Question

Match $\text{List I}$ with the $\text{List II}$ and select the correct answer using the code given below the lists :

$\begin{array}{cccc}& \text{List I}& & \text{List II}\\ \text{(A)}& \text{If}\underset{x\to \infty }{lim}(\frac{x^2+1}{x+1}-ax-b)=0,\text{then}& \text{(P)}& a=\frac{3}{2},b\in R\\ \text{(B)}& \text{If}\underset{x\to 0}{lim}(1+ax+b{x}^2{)}^{2/x}=e^3,\text{then}& \text{(Q)}& a=1,b=-\frac{1}{2}\\ \text{(C)}& \text{If}\underset{x\to 0}{lim}\left(\frac{a{e}^x-b}{x}\right)=2,\text{then}& \text{(R)}& a=1,b=-1\\ \text{(D)}& \text{If}\underset{x\to \infty }{lim}\{\sqrt{(x^2-x+1)}-ax-b\}=0,\text{then}& \text{(S)}& a=2,b=2\end{array}$

Which of the following is the only CORRECT combination?
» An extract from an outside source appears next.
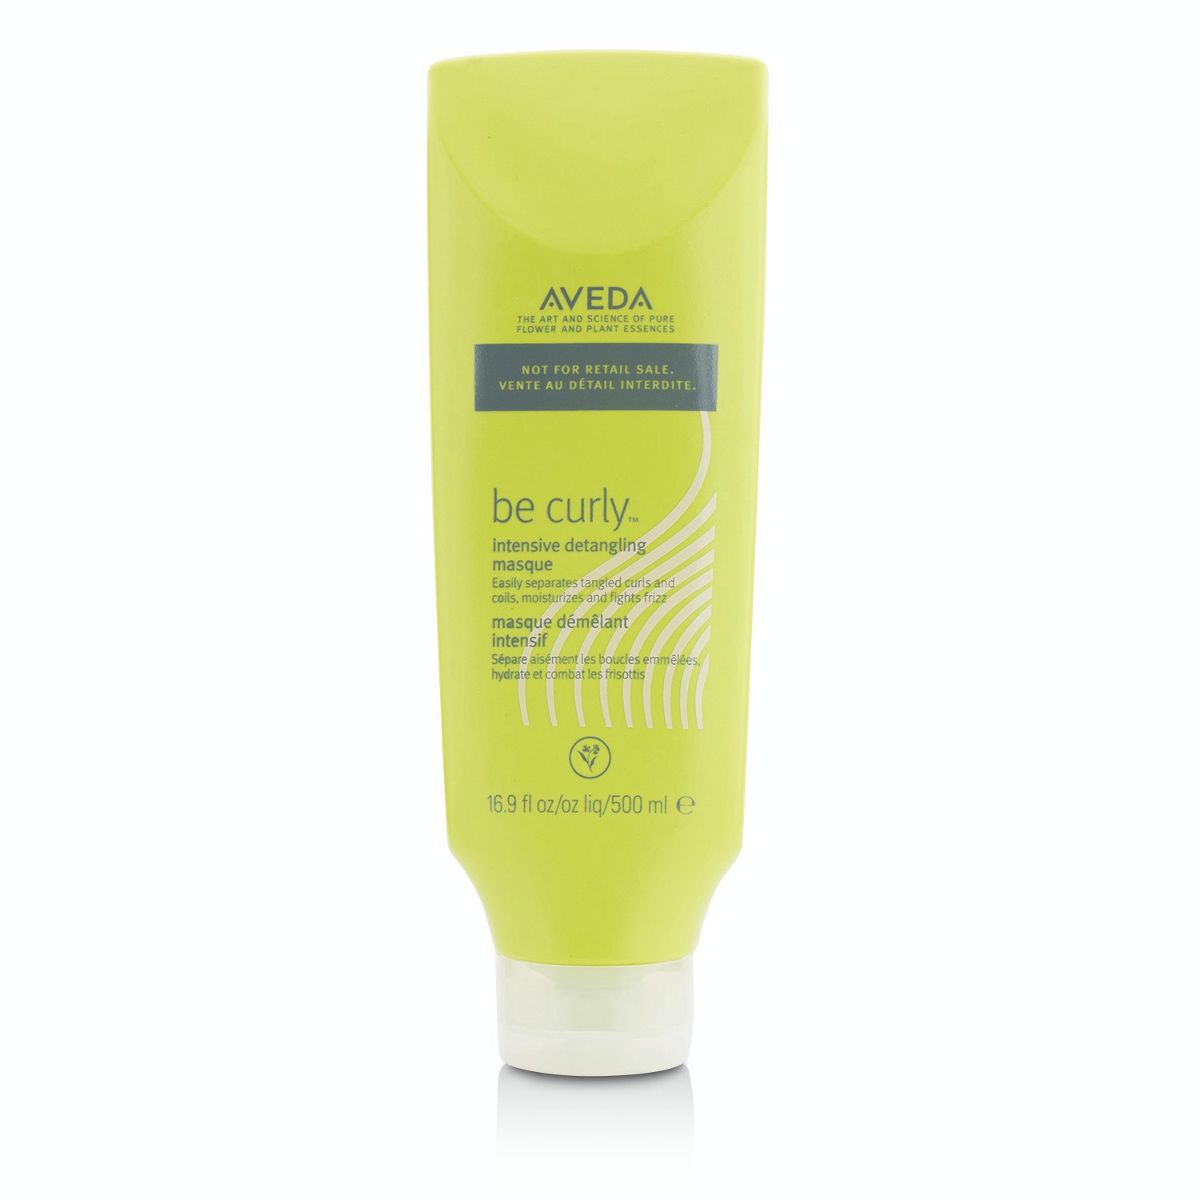 Be Curly Intensive Detangling Masque Aveda Image

• A. $\left(B\right)\to \left(P\right),\left(C\right)\to \left(S\right)$
• B. $\left(B\right)\to \left(Q\right),\left(C\right)\to \left(R\right)$
• C. $\left(B\right)\to \left(R\right),\left(C\right)\to \left(Q\right)$
• D. $\left(B\right)\to \left(S\right),\left(C\right)\to \left(S\right)$

Answer 1

The correct option is A $\left(B\right)\to \left(P\right),\left(C\right)\to \left(S\right)$

$\underset{x\to 0}{lim}(1+ax+b{x}^2{)}^{2/x}=e^3$ $(1^{\infty }$ form$)$
$\Rightarrow e^{\underset{x\to 0}{lim}\left(\frac{2(ax+b{x}^2)}{x}\right)}=e^3\Rightarrow e^{\underset{x\to 0}{lim}(2a+2bx)}=e^3$
For existence of limit,
$a=\frac{3}{2}$ and $b\in R$

$\underset{x\to 0}{lim}\left(\frac{a{e}^x-b}{x}\right)=2$
Apply expansion of $e^x$
$\underset{x\to 0}{lim}\left(\frac{a(1+\frac{x}{1!}+\frac{x^2}{2!}+\dots )-b}{x}\right)=2$
$\Rightarrow \underset{x\to 0}{lim}\left(\frac{(a-b)+a(\frac{x}{1!}+\frac{x^2}{2!}+\dots )}{x}\right)=2$
For existence of limit,
$a-b=0\Rightarrow a=b$
$\underset{x\to 0}{lim}\left(a\right)=2$
$\Rightarrow a=2=b$